I have a numerical variable, call it "Blah". Blah is measured at various time intervals throughout the day and is an always increasing count. I want to find the difference between the first and last observation of Blah for each day and produce a table of the Total Amount of Increase of Blah per day.
Slightly more complicated is that if Blah is high enough, it will reset to a very low number. This always happens at the same (currently unknown) number and at maximum rate of once per day.
A few more details that might be important:
Blah is measured at different named locations as well. I would like a dataframe of day totals by location. :)
The time variable is in format "mm/dd/yyyy hh:mm:ss"
This is what I've come up with for a general outline. An issue I have is that I haven't worked with POSIXct objects much and don't know how to go about grabbing these values and making this happen.
A<-first value of Day
B<-last value of Day
C<-Maximum value of Blah from a day where reset happens (last value before reset)
For (each Day)
For (each Location)
If A < B
Then
DayTotal = B-A
Else
DayTotal = (C-A)+B
Edit:
I had some data here in the wrong format.

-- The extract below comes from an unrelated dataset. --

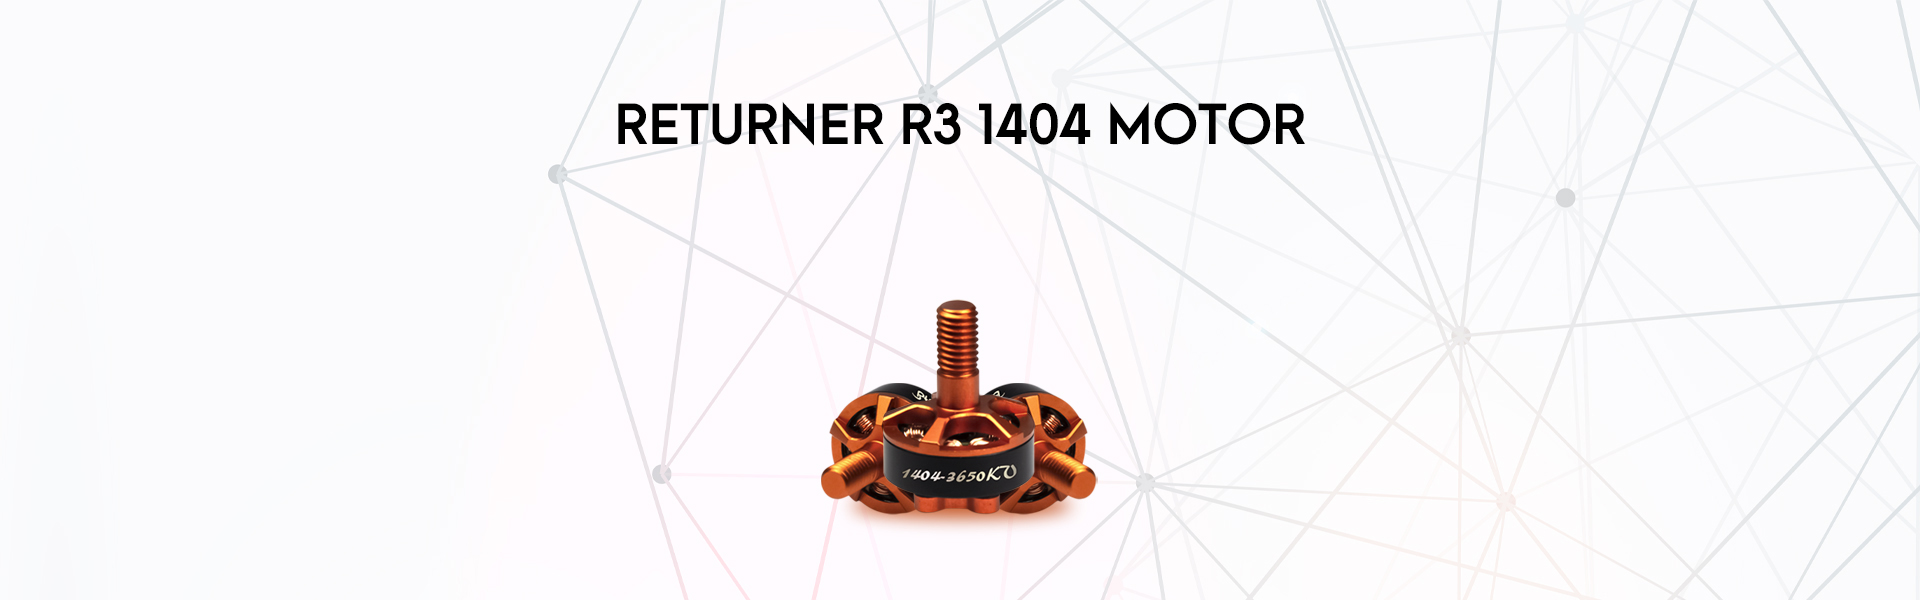 Returner R3 1404 Motor

The below is the correct format.
Thank you in advance for the help!
-Michael
Also, on a day where Blah resets, A will always be more than B.
EDIT NUMBER 2
OMG I am a terrible person. The data actually looks like this
DESCRIPTION rawCount localDateTime
1 Arch Exit 33166 2014-05-23 07:55:05
2 Arch Exit 33167 2014-05-23 08:00:06
3 Arch Exit 33170 2014-05-23 08:10:06
4 Arch Exit 33173 2014-05-23 08:15:05
5 Arch Exit 33175 2014-05-23 08:20:05
6 Arch Exit 33178 2014-05-23 08:25:06
7 Northside 48073 2014-05-24 15:01:40
8 Northside 48119 2014-05-24 15:05:49
9 Northside 48167 2014-05-24 15:10:59
10 Northside 48237 2014-05-24 15:20:49
11 Northside 73 2014-05-24 15:25:59
12 Northside 350 2014-05-24 15:35:49
13 Northside 1430 2014-05-24 15:44:06
14 Northside 2554 2014-05-24 16:00:49
(supposing that the above data was complete per day) I would like the results to look like
DESCRIPTION totalCount Date
Arch Exit 12 2014-05-23
Northside 2718 2014-05-23
Another Edit
Ok so using the answer below I did the following which I think made it work.
rawDiff is an already existing variable (done in excel....yikes) and parse_date_time is a function from the Lubridridate package, "Full" is my data and "localdate" is the date variable I wanted.
blahblah<-with(Full, tapply(rawDiff, list(parse_date_time(Full$localDate, "mdy"), DESCRIPTION), function(x) {
sum(x[x>=0])}))
There was some weirdness with NA's that using a separate pre-made difference variable seemed to help. Also, when it reset the differences were negative so I just took the non-negative differences.